The baht also advanced on the back of foreign investors buying a net 3.82 billion baht ($128.40 million) worth of stocks on Thursday. Foreigners remained net sellers of stocks in February but the figure was brought down to 17.39 billion baht, Thomson Reuters data showed.
Foreigners also returned to net long on index futures for the first time in 8 days of 1,400 contracts with net buys of bonds for a 13th day worth 8.29 billion baht, Maybank Kim Eng Securities said in a note. The baht is expected to stay firm on strong economic fundamentals, but some analysts doubt whether the Thai currency can appreciate from here, given its outperformance and expectations of slower inflows.
"The baht will stabilise. Exports continue to recover which is supportive, however the expected slowdown in re-construction flows will be counteracting," said Frances Cheung, senior strategist at Credit Agricole CIB in Hong Kong. The baht was the best performing emerging Asian currency with a 3.0 percent appreciation so far this year, according to Thomson Reuters data.
The Taiwan dollar gained on stock inflows and demand from some exporters. But US dollar bids by importers including oil companies limited the island's currency, especially around 29.600 to the greenback. Traders said some state-run companies bought the US dollar around that level, indicating the central bank may want the Taiwan dollar to stay weak.

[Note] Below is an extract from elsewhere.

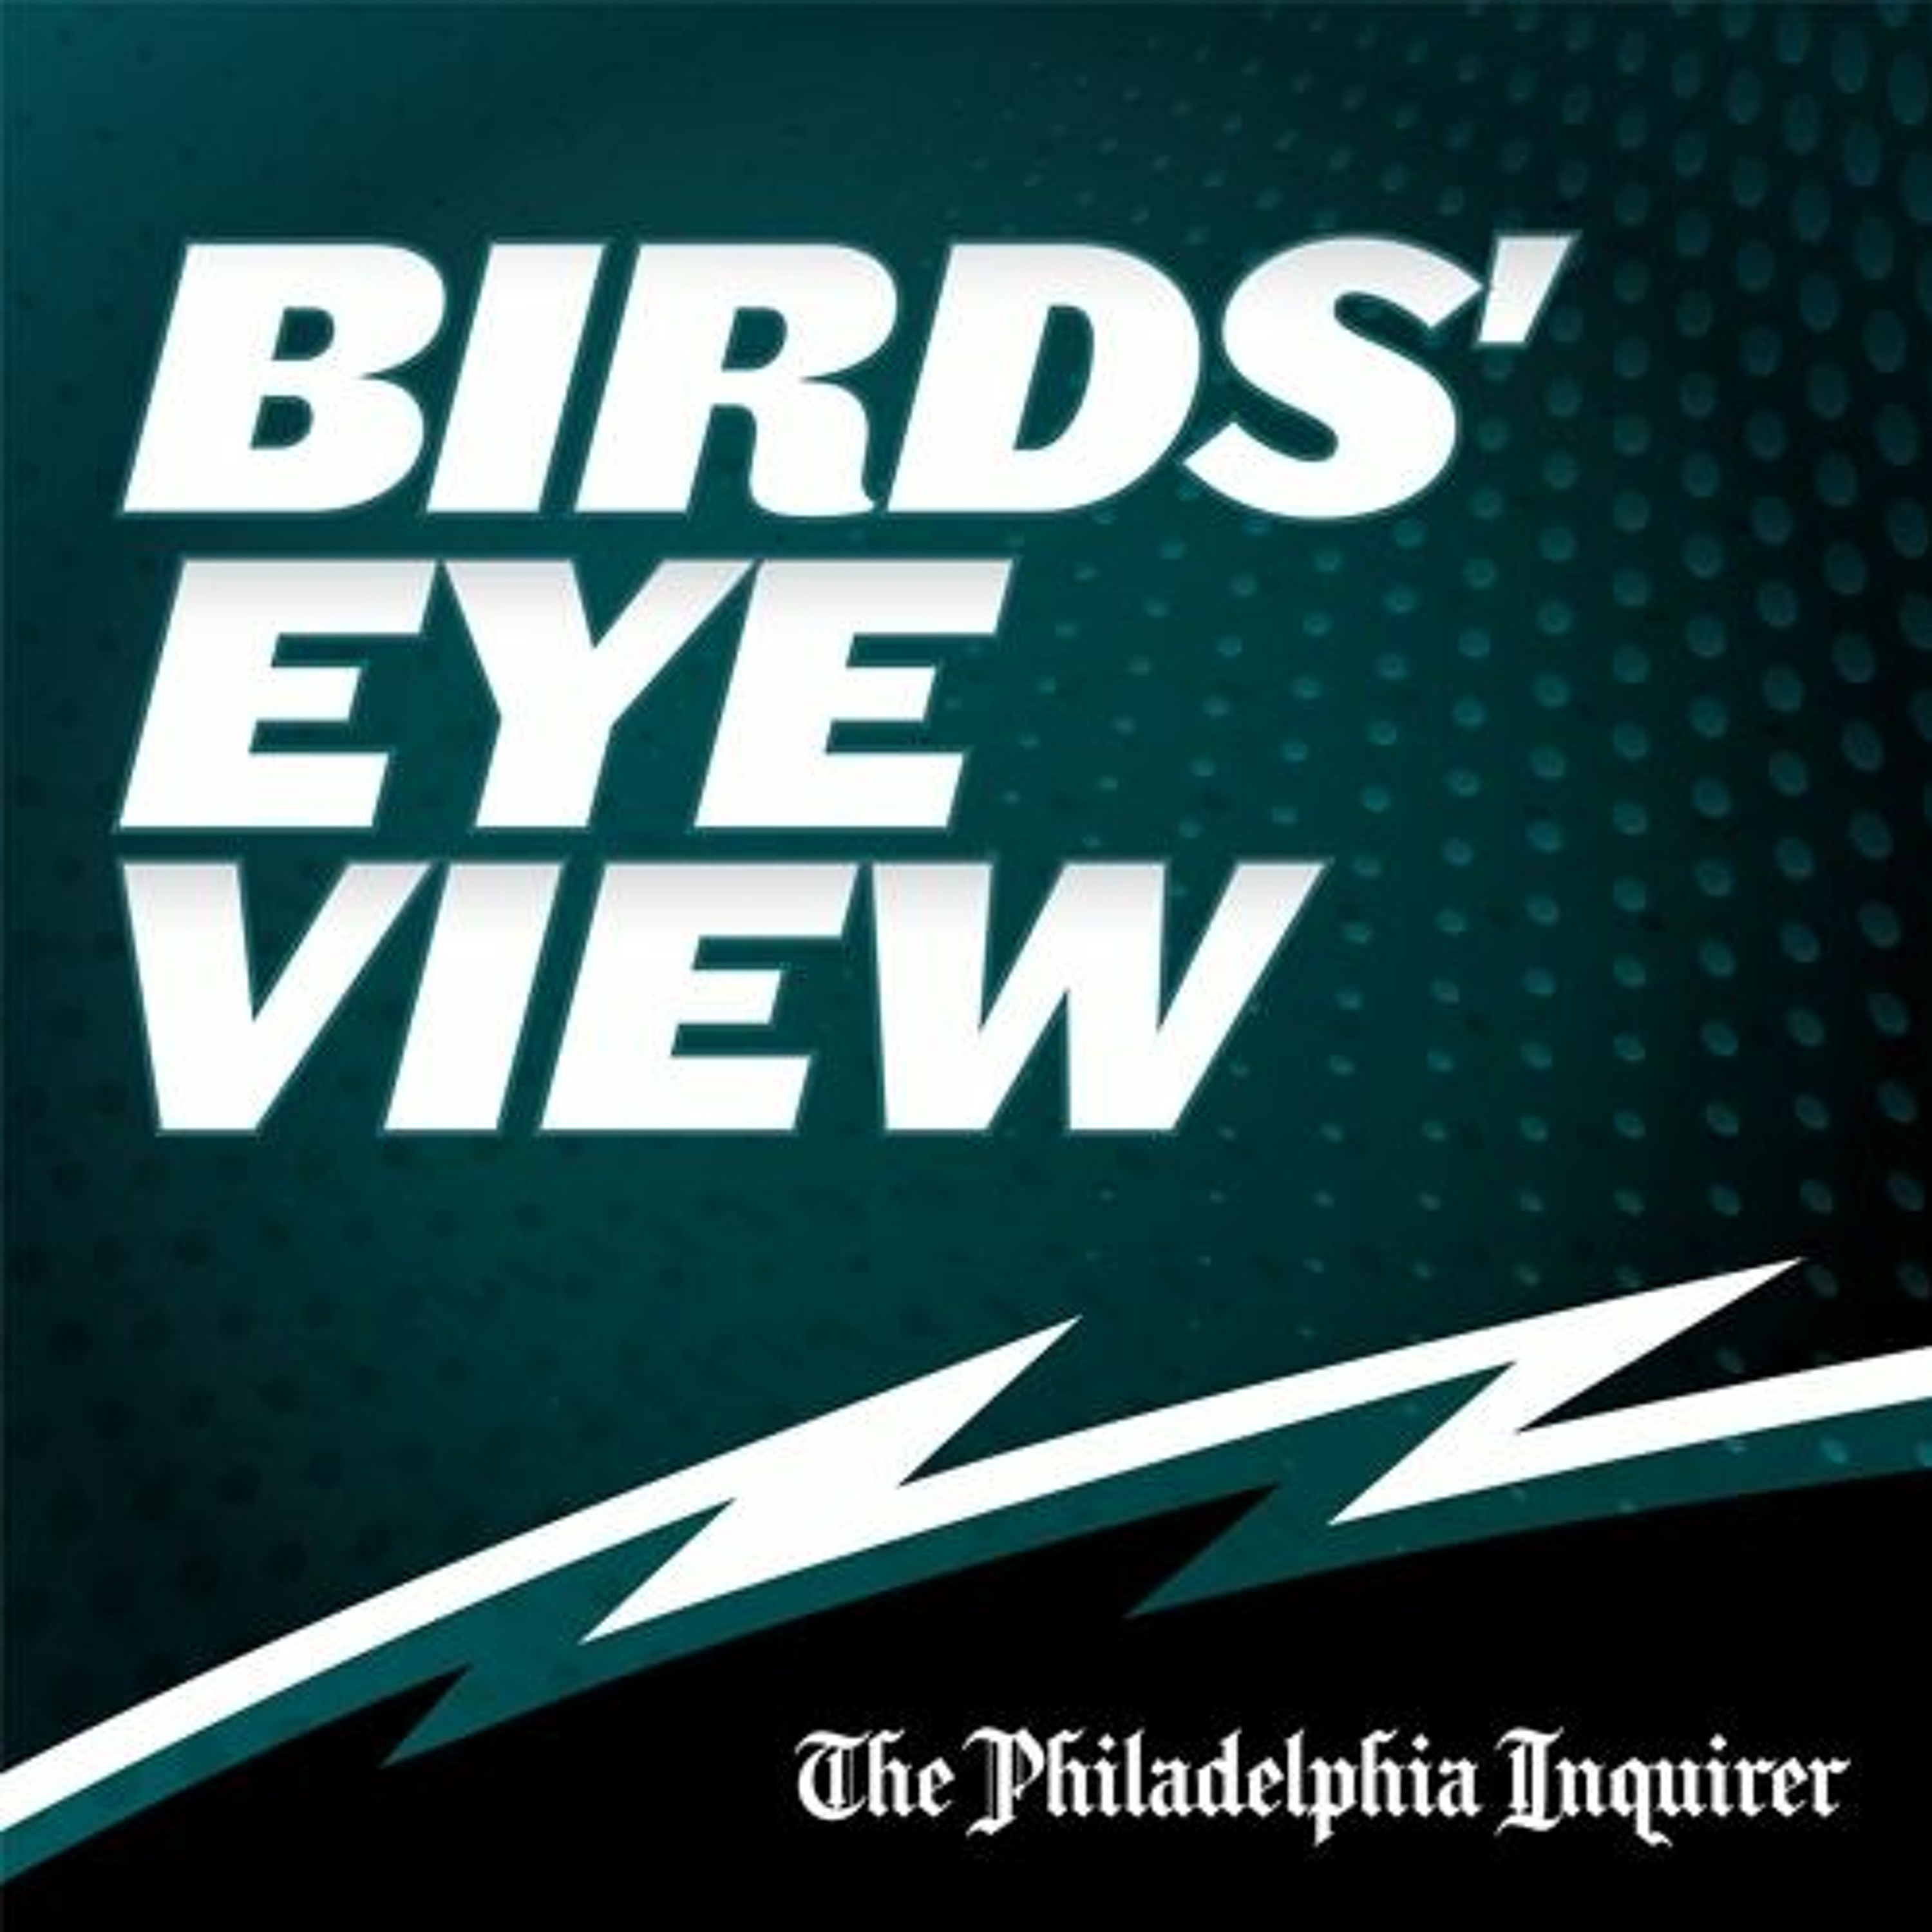 A deep dive into the Eagles' offense

The rupiah fell as higher-than-expected February inflation data raised concerns over an increase in the general level of prices and prompted foreign banks to take profits from its recent gains. "Dollar/rupiah will stay in a 9,650-9,700 range for the short term," said the trader, adding he would short the pair around 9,710.
Incoming funds to Indonesia's stocks and bonds helped the rupiah rise 0.3 percent against the dollar in February, its largest monthly percentage appreciation since January 2012, according to Thomson Reuters data. The ringgit fell as interbank speculators cut long positions in the Malaysian currency before a weekend on sustained caution over the upcoming election, which must be called by end of April.
Offshore macro funds also sold the ringgit, traders said. "Nobody wants to hold dollar-short positions, in case of an announcement of election," said a Malaysian bank dealer in Kuala Lumpur. On Thursday, the ringgit rose 0.3 percent on short-covering amid improving risk appetite.